Iterative deepening - the key to real time play
This section heavily relies on the understanding of the last blog entry of alpha-beta pruning. So to fully appreciate I would recommend reading my last blog entry first. The short version is - alpha-beta pruning allows the same safe and reliable search of minmax but it has the potential to increase the performance of that algorithm significantly. If it explores the best variation first then it can quickly refute other variations with relative ease based on upper and lower bounds that would be unfavorable for one side or the other so those lines can not be reached and can be pruned.
So for alpha-beta to work best it is necessary to order the moves before they are searched. Ordering before a search involves a lot of guess work. That's actually quite hard.
There are several other issues with searching for a move with alpha-beta at a predefined depth.
- It's hard to exactly know how long it will take to search the tree at a given depth.
- The algorithm doesn't produce meaningful results before the whole search is finished.
- Searching at a depth of 6ply might be quite labor intensive in the opening or a rich middle game. But when the number of pieces start falling off and the branching factor (the number of legal moves in a position) of the game tree shrinks significantly it is possible to perform deeper searches at lower cost.
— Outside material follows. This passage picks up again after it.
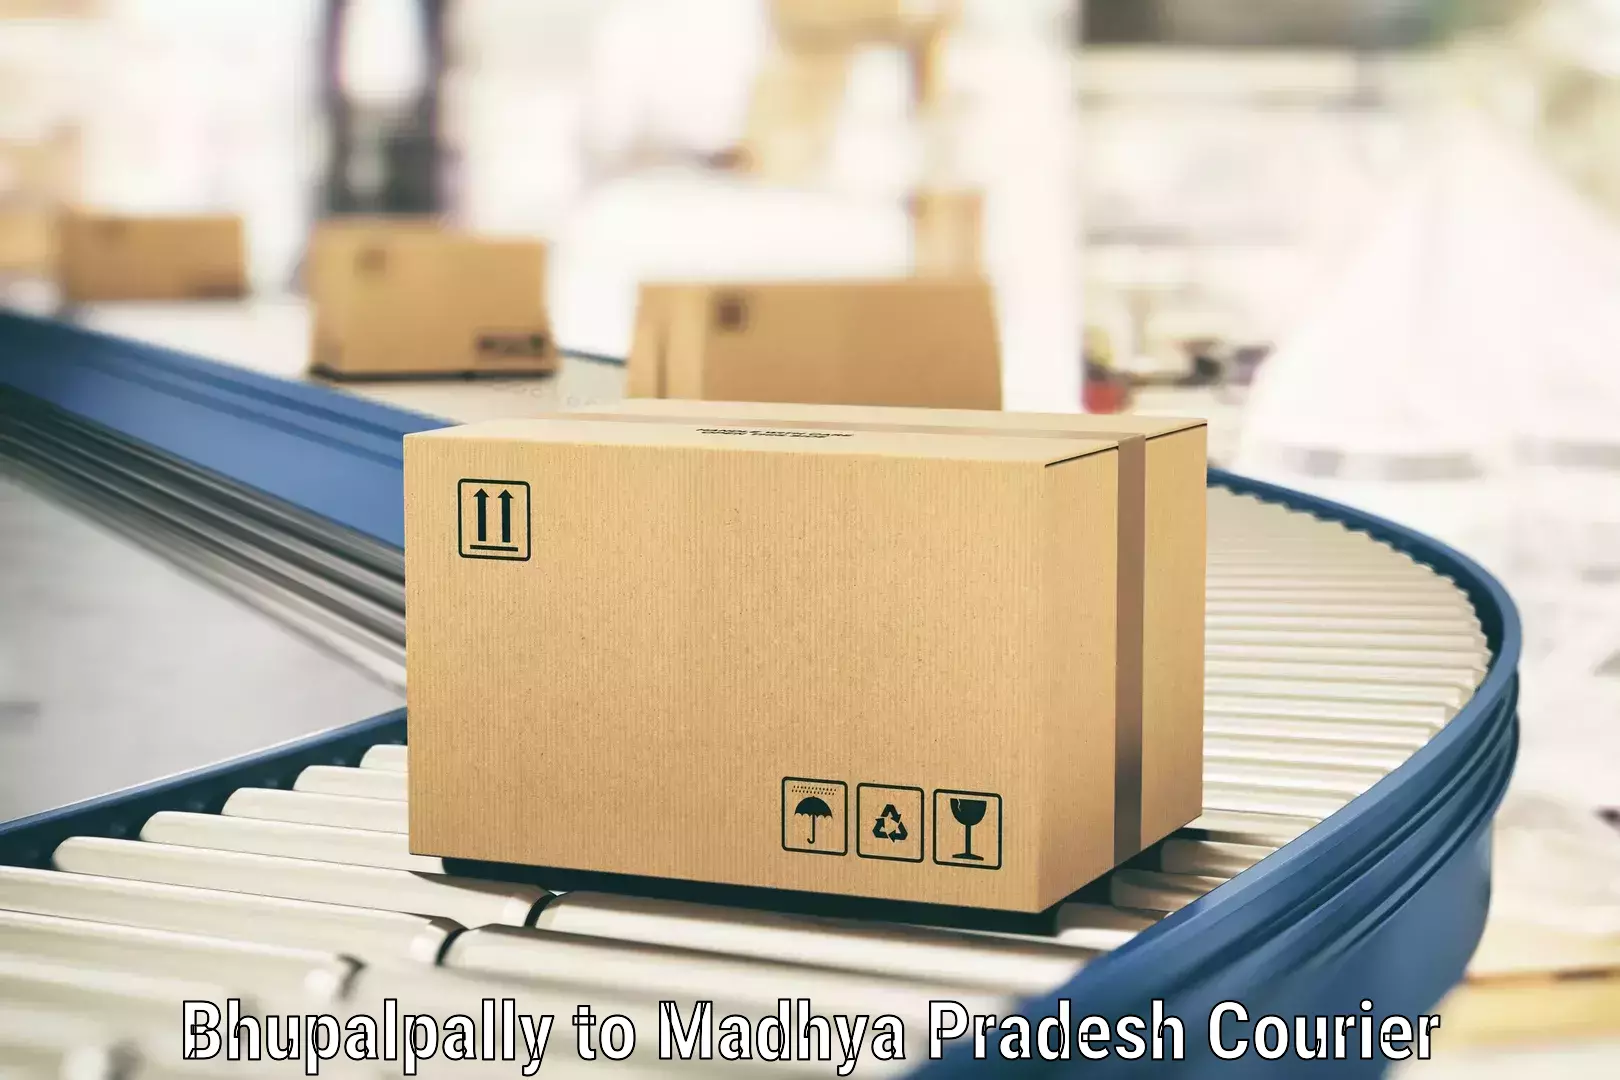 Nationwide parcel services Bhupalpally to Ashta
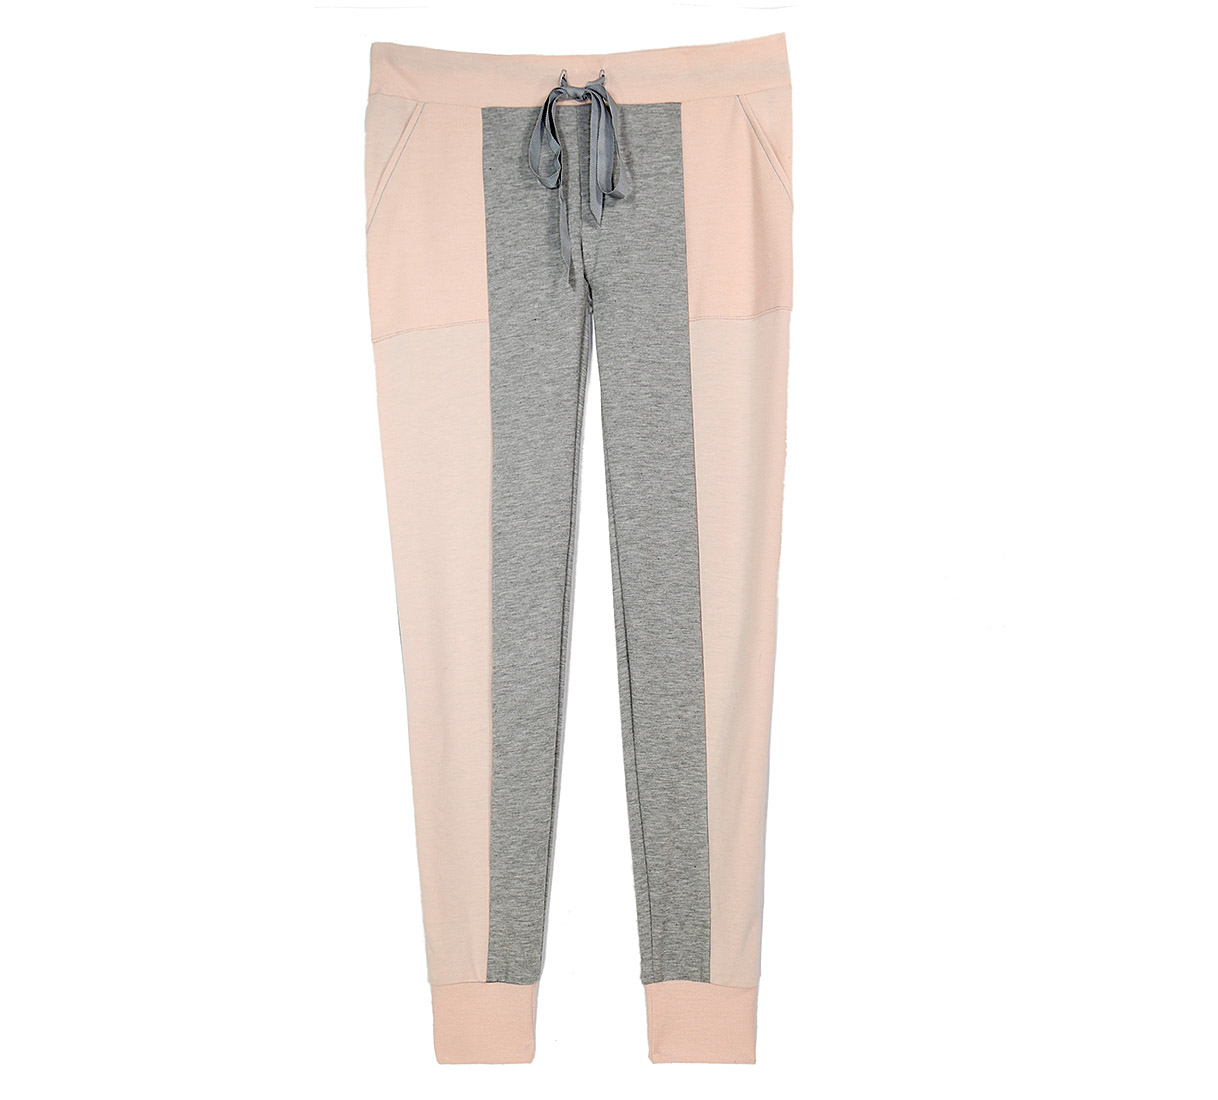 Make a Pass Heather Grey Pink Jogger | Color Blocked Warmups | Luxury Athleisure | Between the Sheets Loungewear

So I often observed how my engine played a slow, reasonable middle game and in the endgame it started moving like a speed demon without any reason or purpose.
The answer to all those points is Iterative Deepening search. In it's most basic implementation, which also happens to be my current implementation, it simply performs the same alpha-beta search but starting at very shallow depths and after each search it produces a best move and also allows us to order the moves we just searched so the next search will will have some reasonable ordering already. It also allows us to 'cancel' the search at any moment and it will still be able to return the current best move. While in alpha-beta there is no current best move - it only makes sense once the full algorithm has run its course.
The current implementation is still lacking a lot of features that could really benefit the performance:
- It can be very beneficial to store the values of previously searched positions as they can often repeat themselves due to transposition - arriving at the same position but with a different order of moves.
- Cancelling a search at an arbitrary point in time can be extremely wasteful. Let's look at a simple illustration
Here is a small output from the iterative deepening search. It shows the best move it found at a depth. Total time spent and time spent at the last depth:
f3e5 at depth: 1 (time spent: total = 4.72ms at depth = 4.710ms) h5f5 at depth: 2 (time spent: total = 23.59ms at depth = 18.841ms) h5g5 at depth: 3 (time spent: total = 218.45ms at depth = 194.83ms) h5e5 at depth: 4 (time spent: total = 1.40s at depth = 1.18s) h5f5 at depth: 5 (time spent: total = 10.73s at depth = 9.33s)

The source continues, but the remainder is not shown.